RECORDS FOR PROCESSING
══════

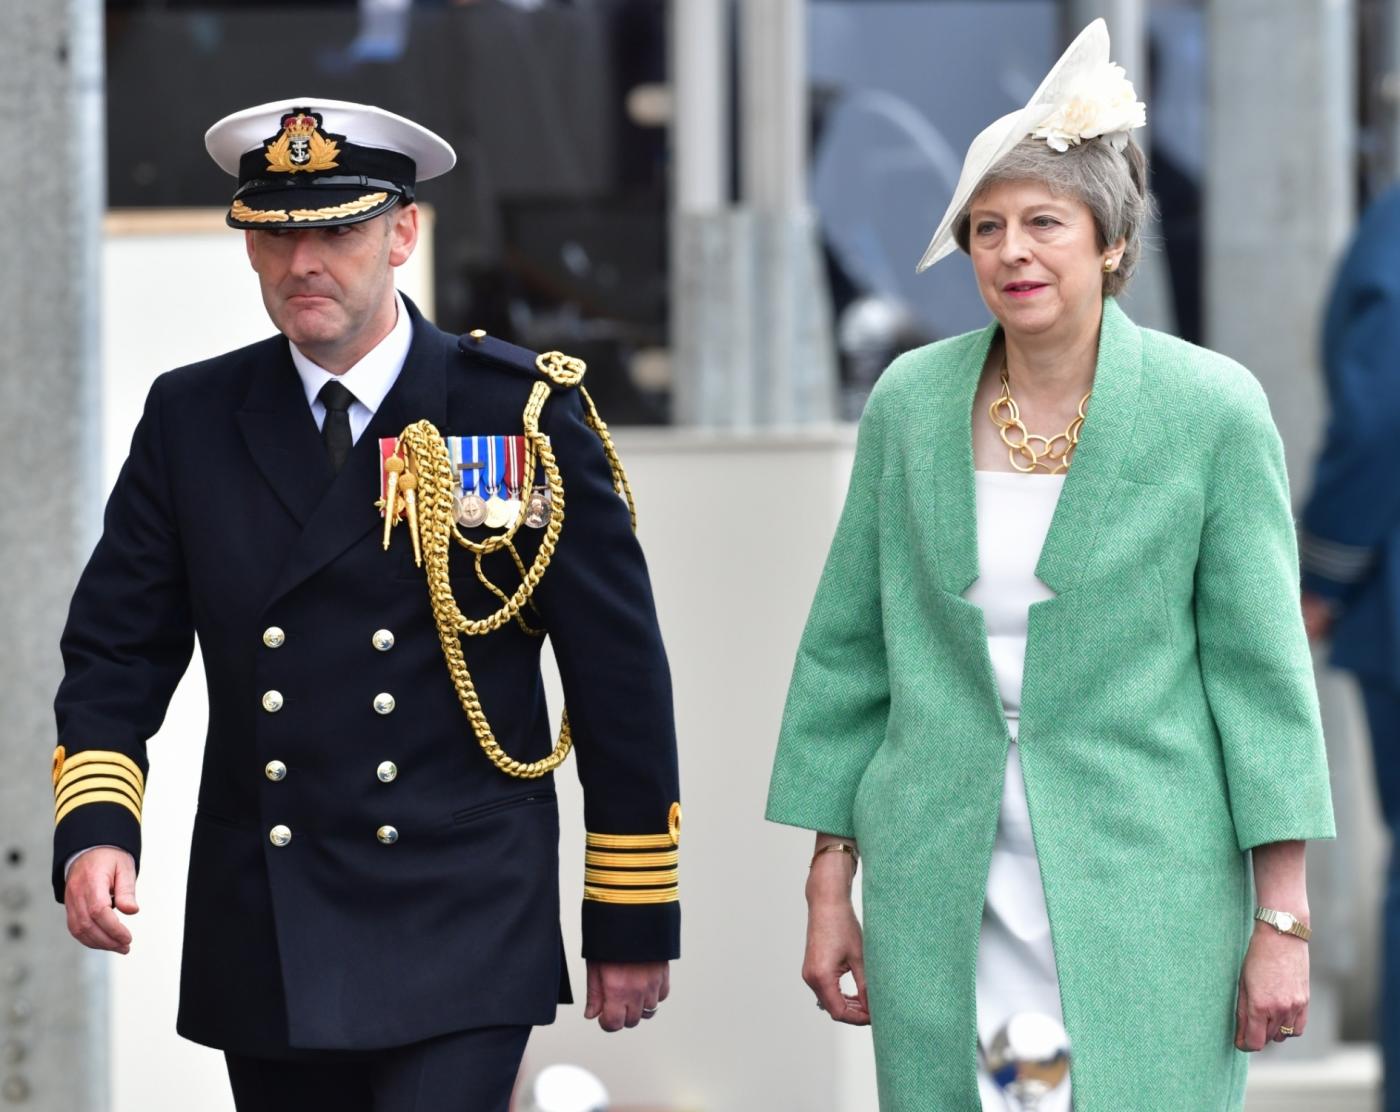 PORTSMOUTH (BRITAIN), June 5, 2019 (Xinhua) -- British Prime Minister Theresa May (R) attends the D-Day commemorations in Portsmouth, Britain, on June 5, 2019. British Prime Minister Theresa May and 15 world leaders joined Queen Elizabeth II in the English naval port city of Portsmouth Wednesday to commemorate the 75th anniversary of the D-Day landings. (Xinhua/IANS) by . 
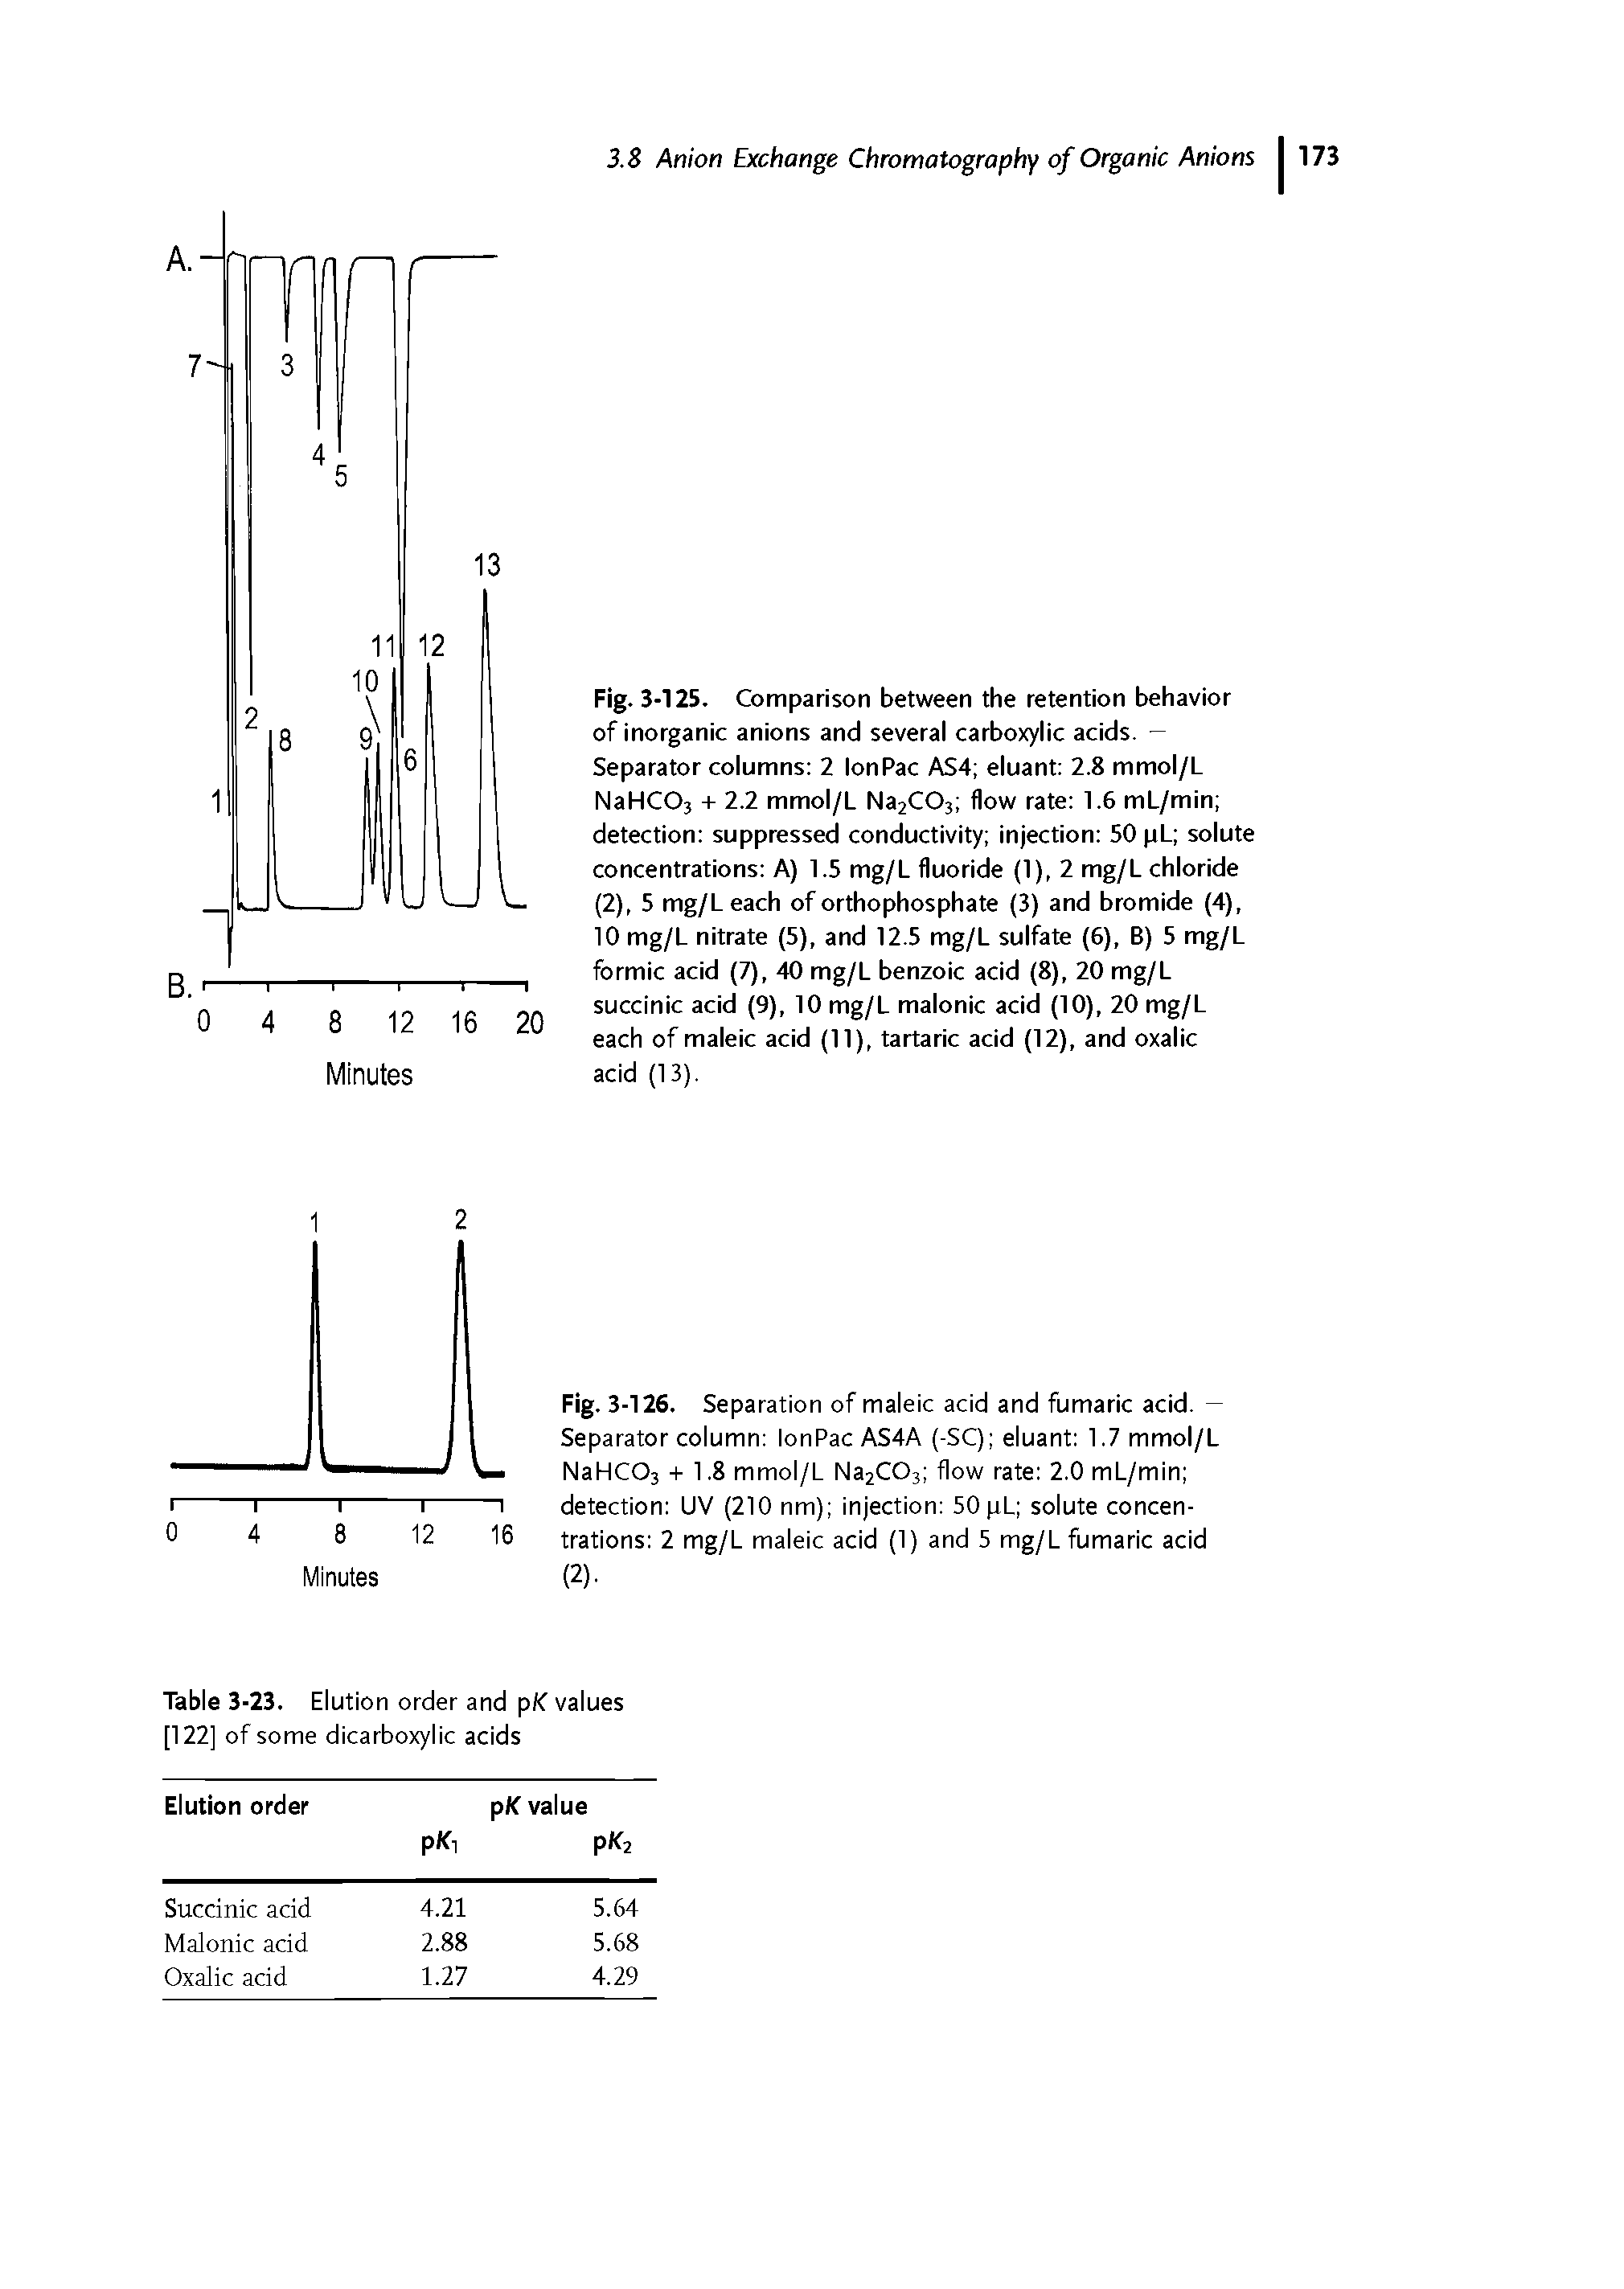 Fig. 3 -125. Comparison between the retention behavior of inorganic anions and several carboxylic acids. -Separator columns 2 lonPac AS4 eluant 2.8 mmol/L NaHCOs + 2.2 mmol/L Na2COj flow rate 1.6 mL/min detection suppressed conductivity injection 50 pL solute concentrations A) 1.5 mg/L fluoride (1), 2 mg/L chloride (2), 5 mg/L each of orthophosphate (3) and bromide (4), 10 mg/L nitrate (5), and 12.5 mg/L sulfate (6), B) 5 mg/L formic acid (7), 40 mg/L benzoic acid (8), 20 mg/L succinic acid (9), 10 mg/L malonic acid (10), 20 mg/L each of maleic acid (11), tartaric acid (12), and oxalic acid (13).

══════

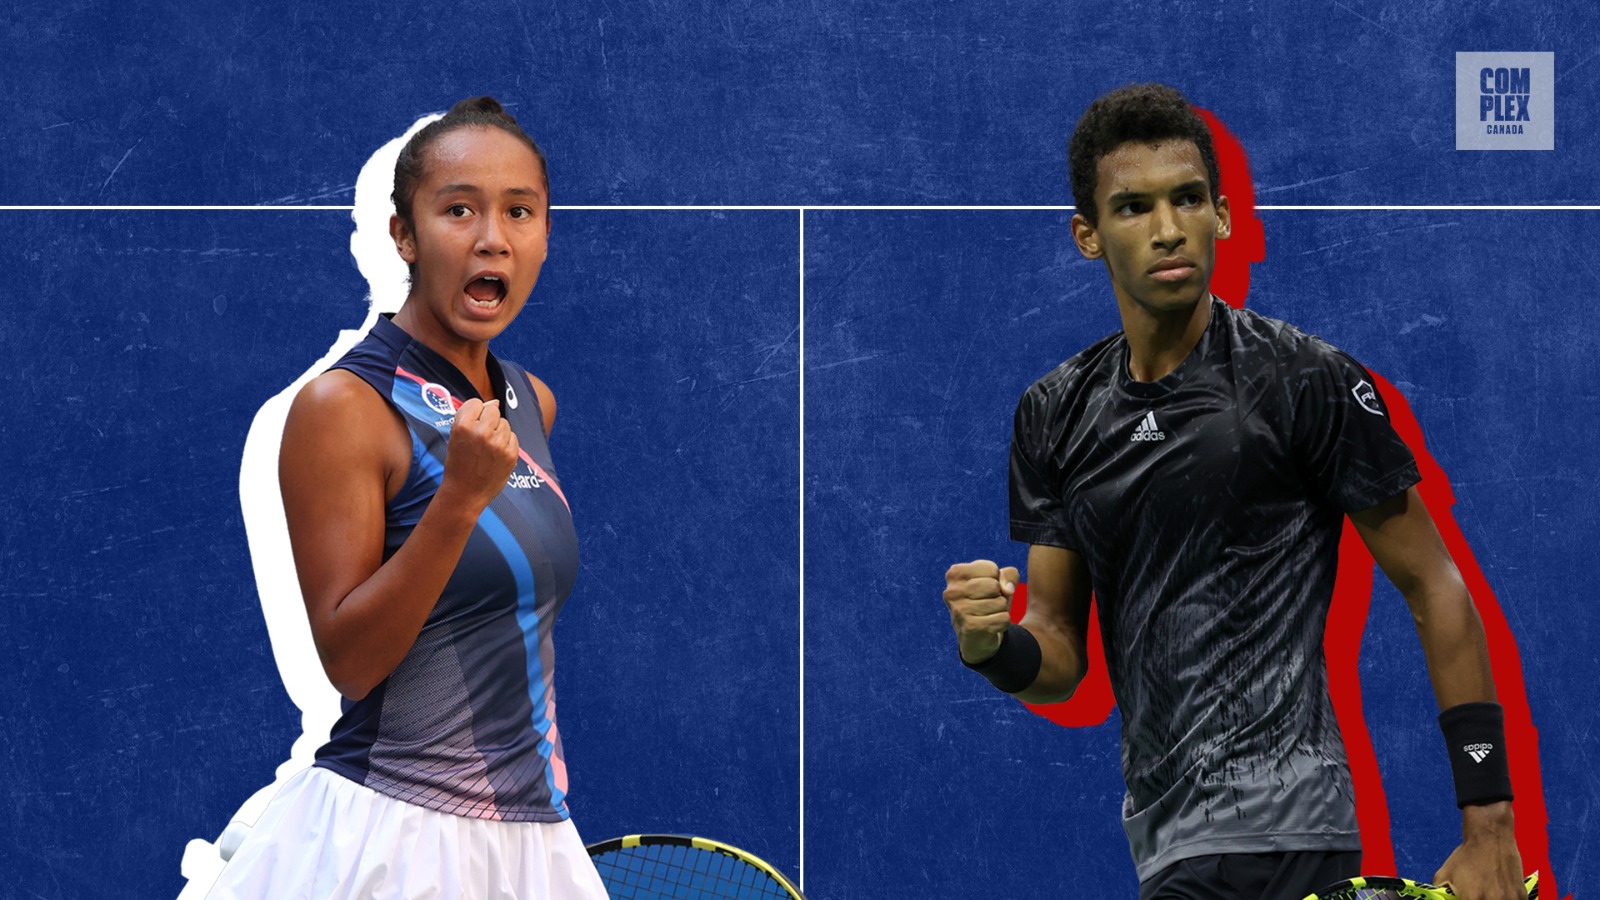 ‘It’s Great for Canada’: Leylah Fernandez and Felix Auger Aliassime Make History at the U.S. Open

══════

Respond with the exact lines above running from the one containing "PORTSMOUTH (BRITAIN), June" to the one containing "Fig. 3 -125.", both ends kept and no pictures included.

 PORTSMOUTH (BRITAIN), June 5, 2019 (Xinhua) -- British Prime Minister Theresa May (R) attends the D-Day commemorations in Portsmouth, Britain, on June 5, 2019. British Prime Minister Theresa May and 15 world leaders joined Queen Elizabeth II in the English naval port city of Portsmouth Wednesday to commemorate the 75th anniversary of the D-Day landings. (Xinhua/IANS) by . 
 Fig. 3 -125. Comparison between the retention behavior of inorganic anions and several carboxylic acids. -Separator columns 2 lonPac AS4 eluant 2.8 mmol/L NaHCOs + 2.2 mmol/L Na2COj flow rate 1.6 mL/min detection suppressed conductivity injection 50 pL solute concentrations A) 1.5 mg/L fluoride (1), 2 mg/L chloride (2), 5 mg/L each of orthophosphate (3) and bromide (4), 10 mg/L nitrate (5), and 12.5 mg/L sulfate (6), B) 5 mg/L formic acid (7), 40 mg/L benzoic acid (8), 20 mg/L succinic acid (9), 10 mg/L malonic acid (10), 20 mg/L each of maleic acid (11), tartaric acid (12), and oxalic acid (13).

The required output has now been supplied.